DATASET EXCERPT:
+++

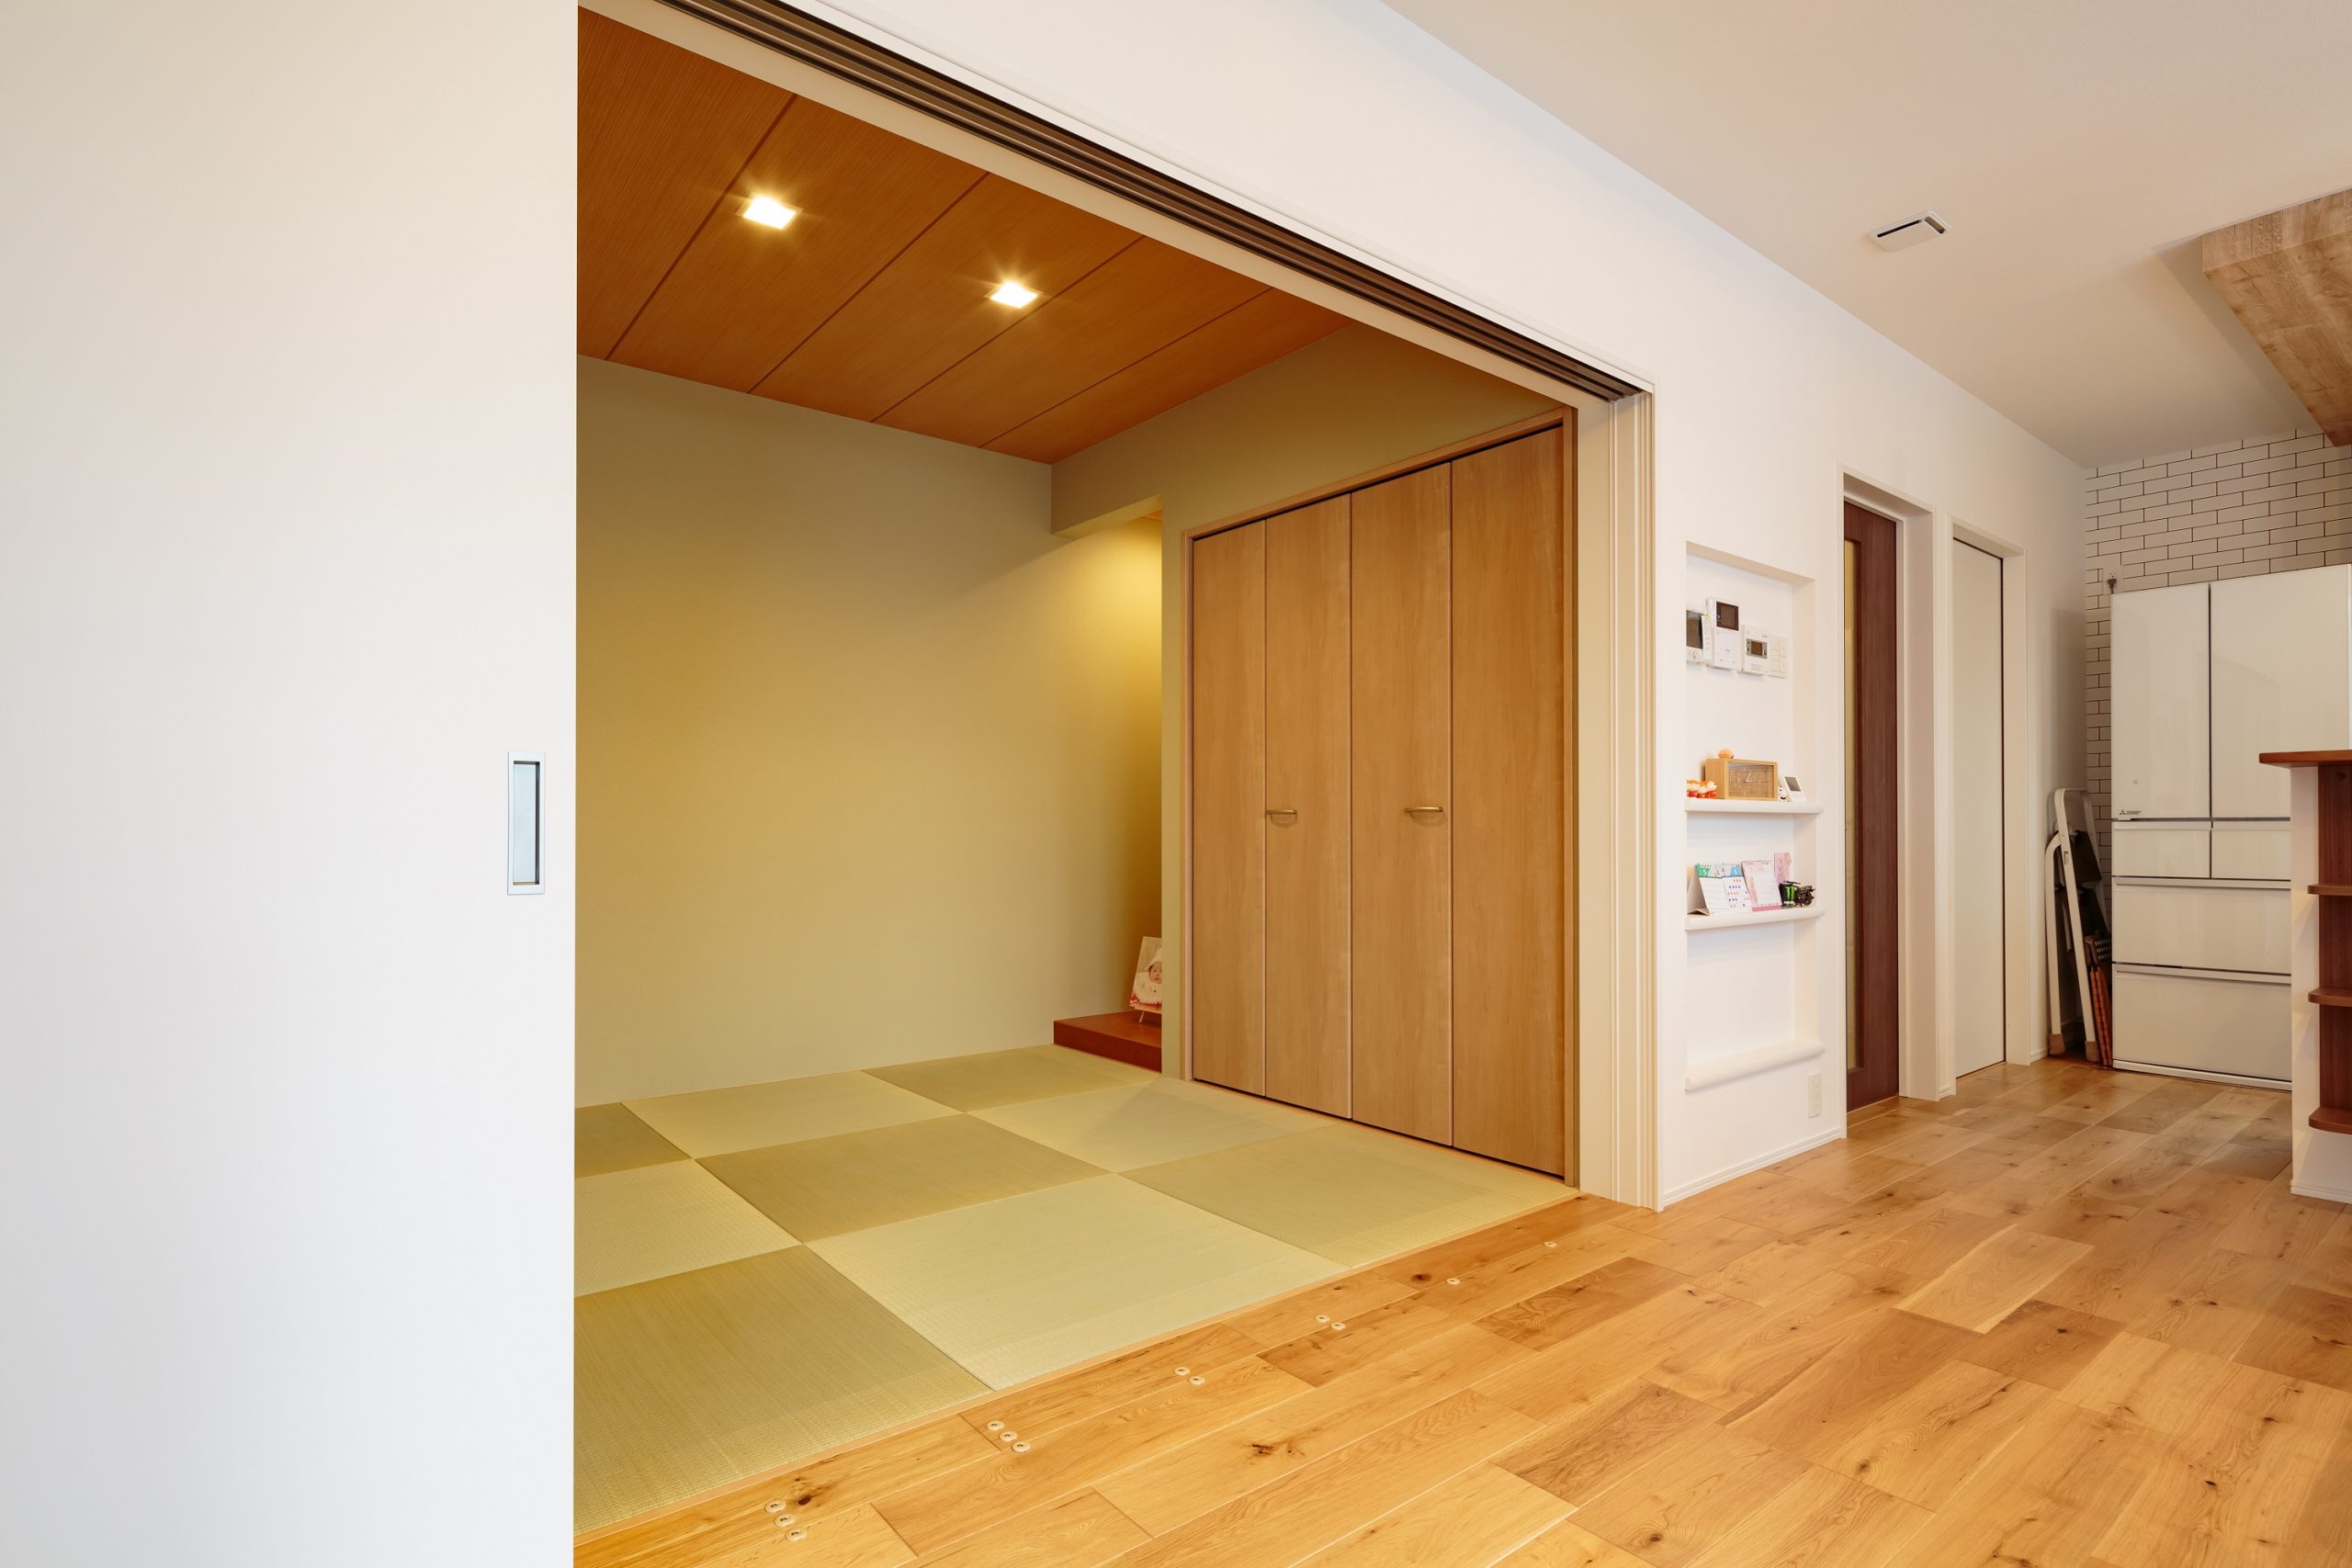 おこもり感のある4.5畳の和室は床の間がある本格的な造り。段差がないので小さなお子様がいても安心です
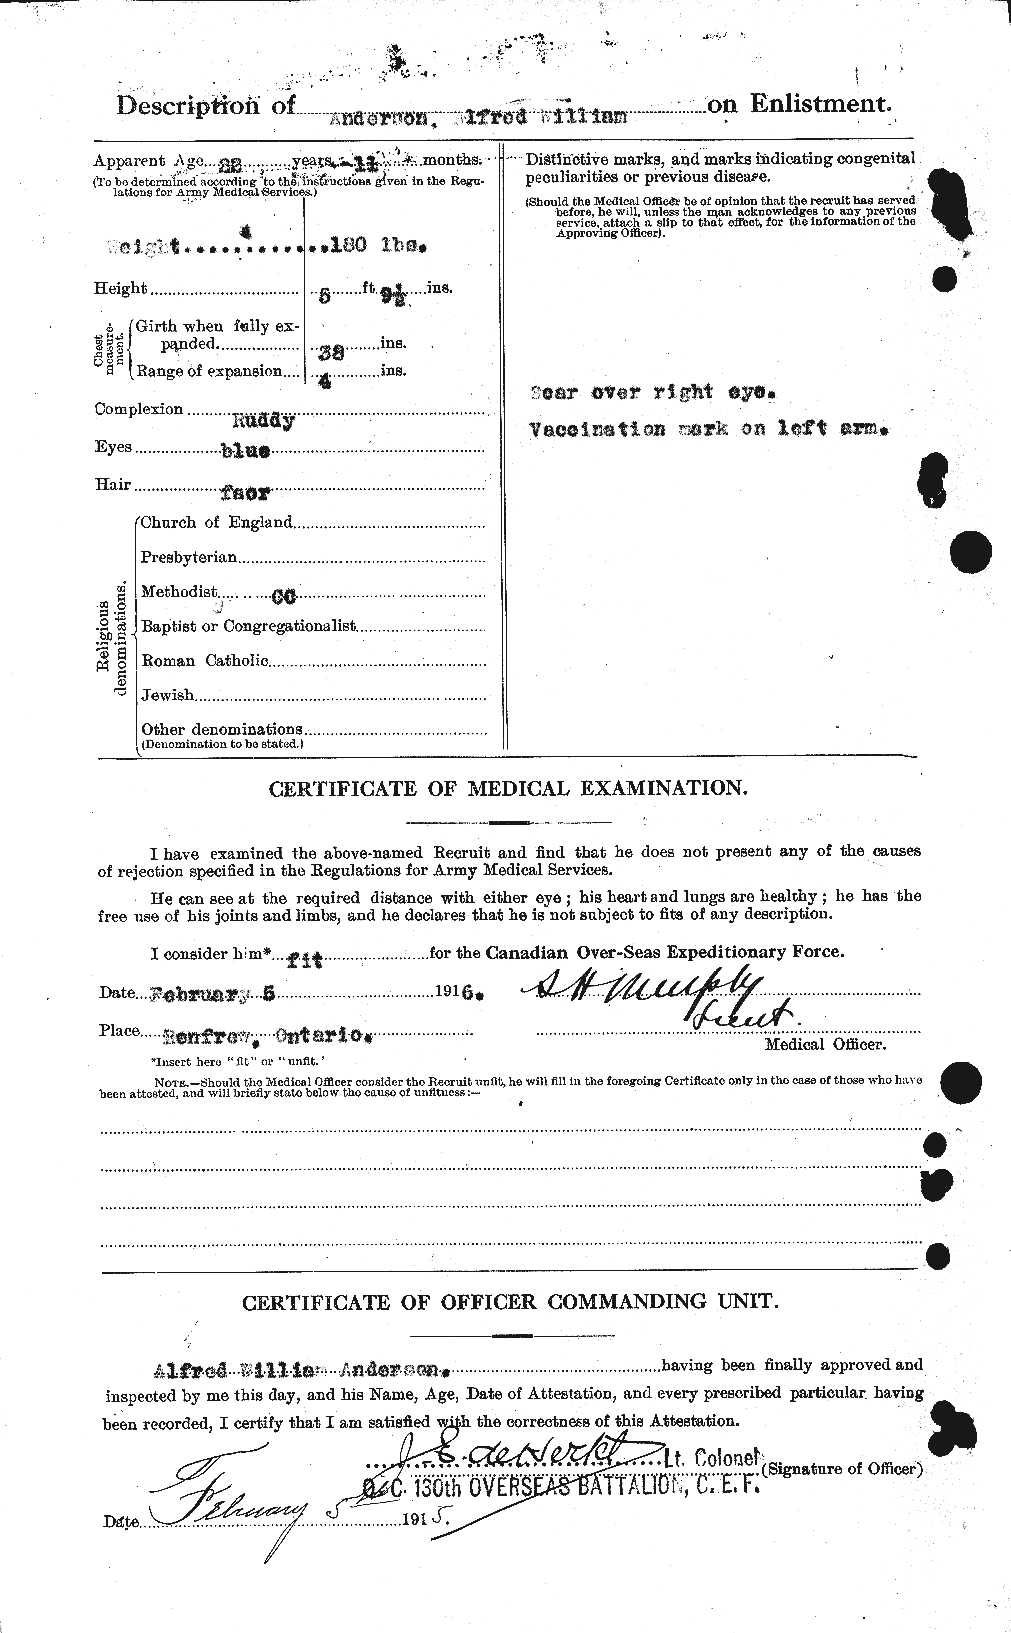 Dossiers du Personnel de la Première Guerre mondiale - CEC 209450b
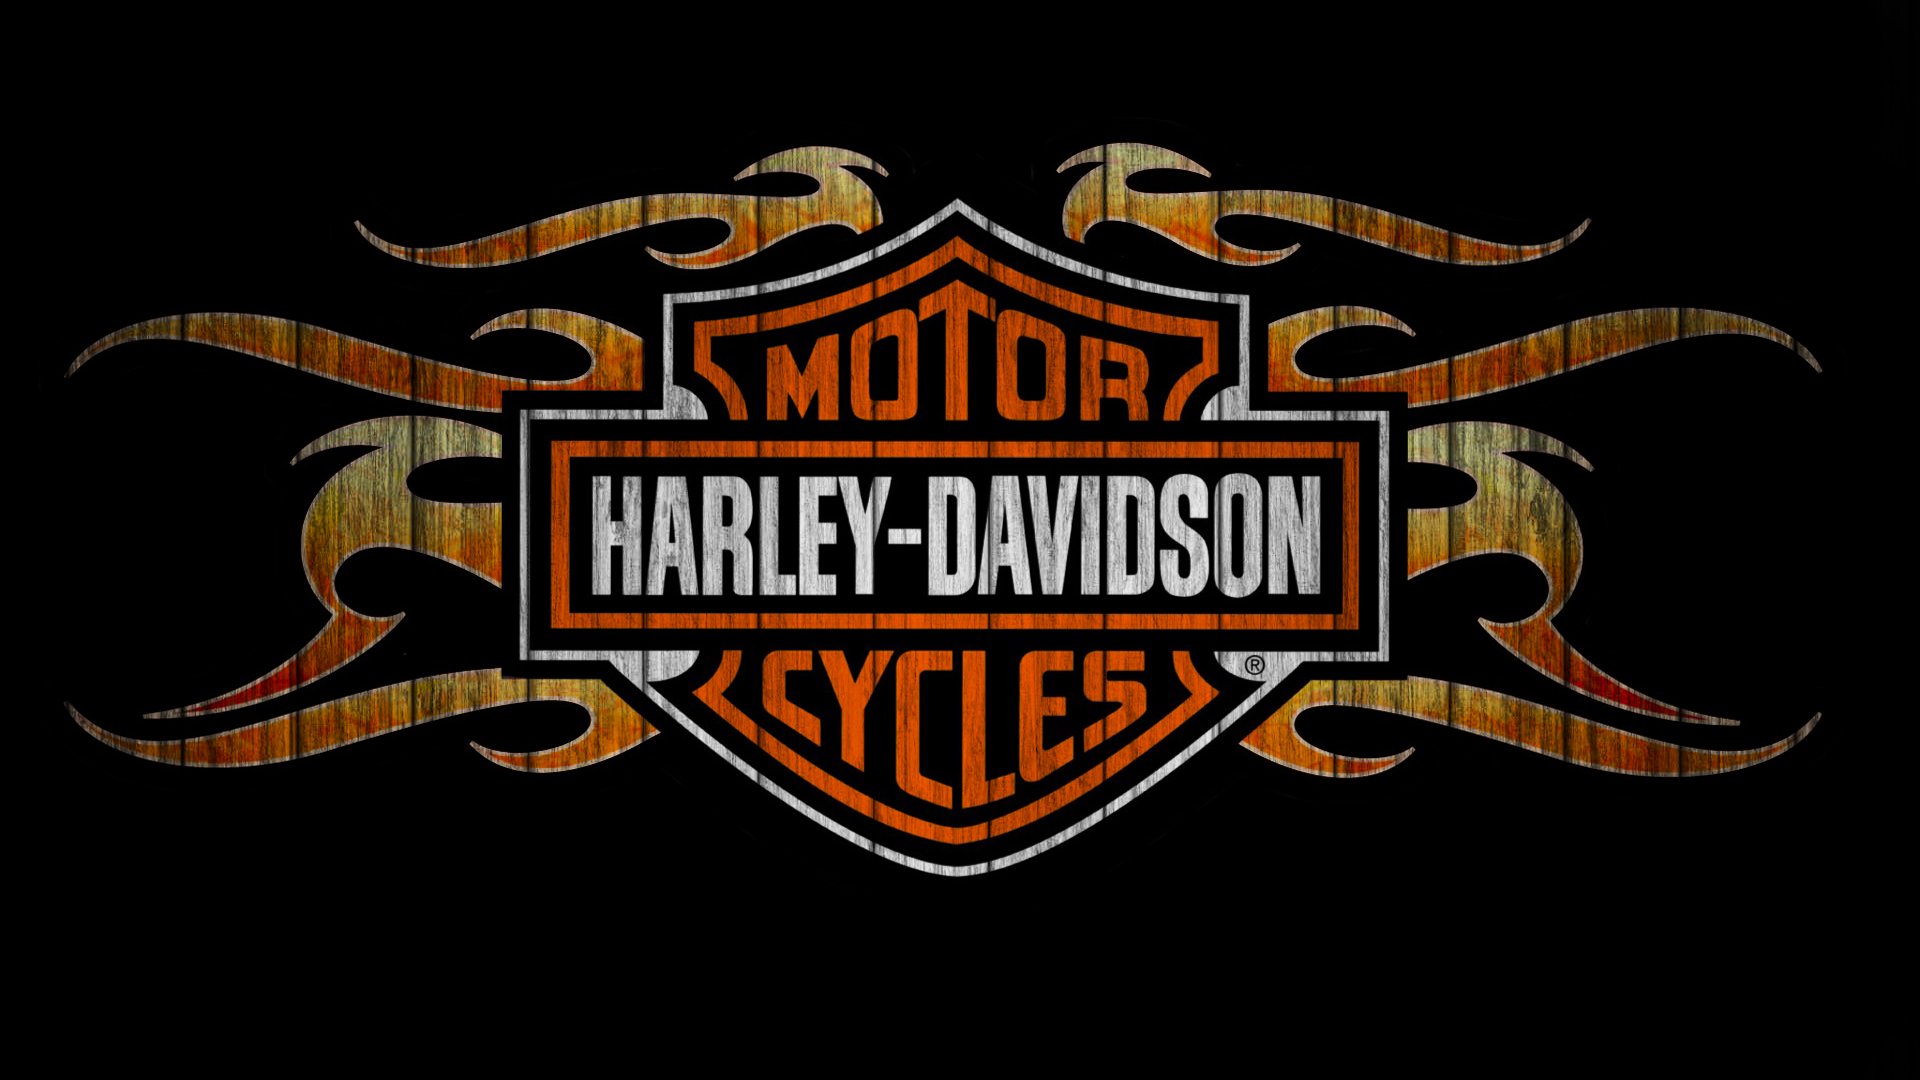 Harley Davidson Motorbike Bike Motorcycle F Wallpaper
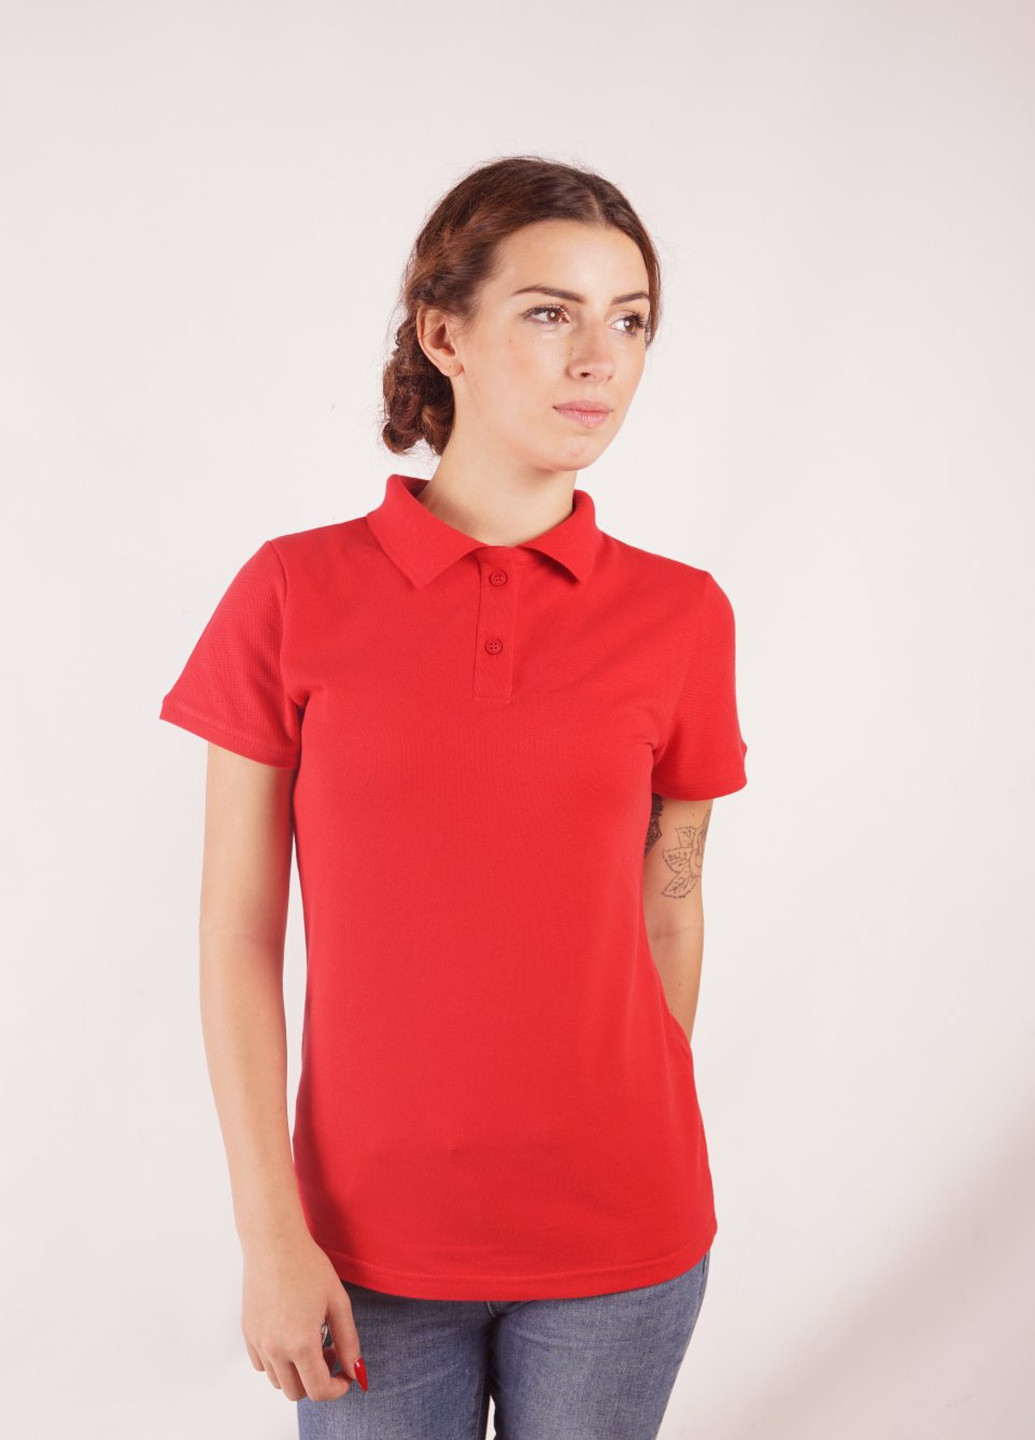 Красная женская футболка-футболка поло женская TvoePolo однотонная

+++

TRY IT: Begin at the line containing "Harley Davidson Motorbike" and stop at the last line of the data. Repeat only those lines, exactly, and leave out the pictures.

TASK ANSWER:
 Harley Davidson Motorbike Bike Motorcycle F Wallpaper
 Красная женская футболка-футболка поло женская TvoePolo однотонная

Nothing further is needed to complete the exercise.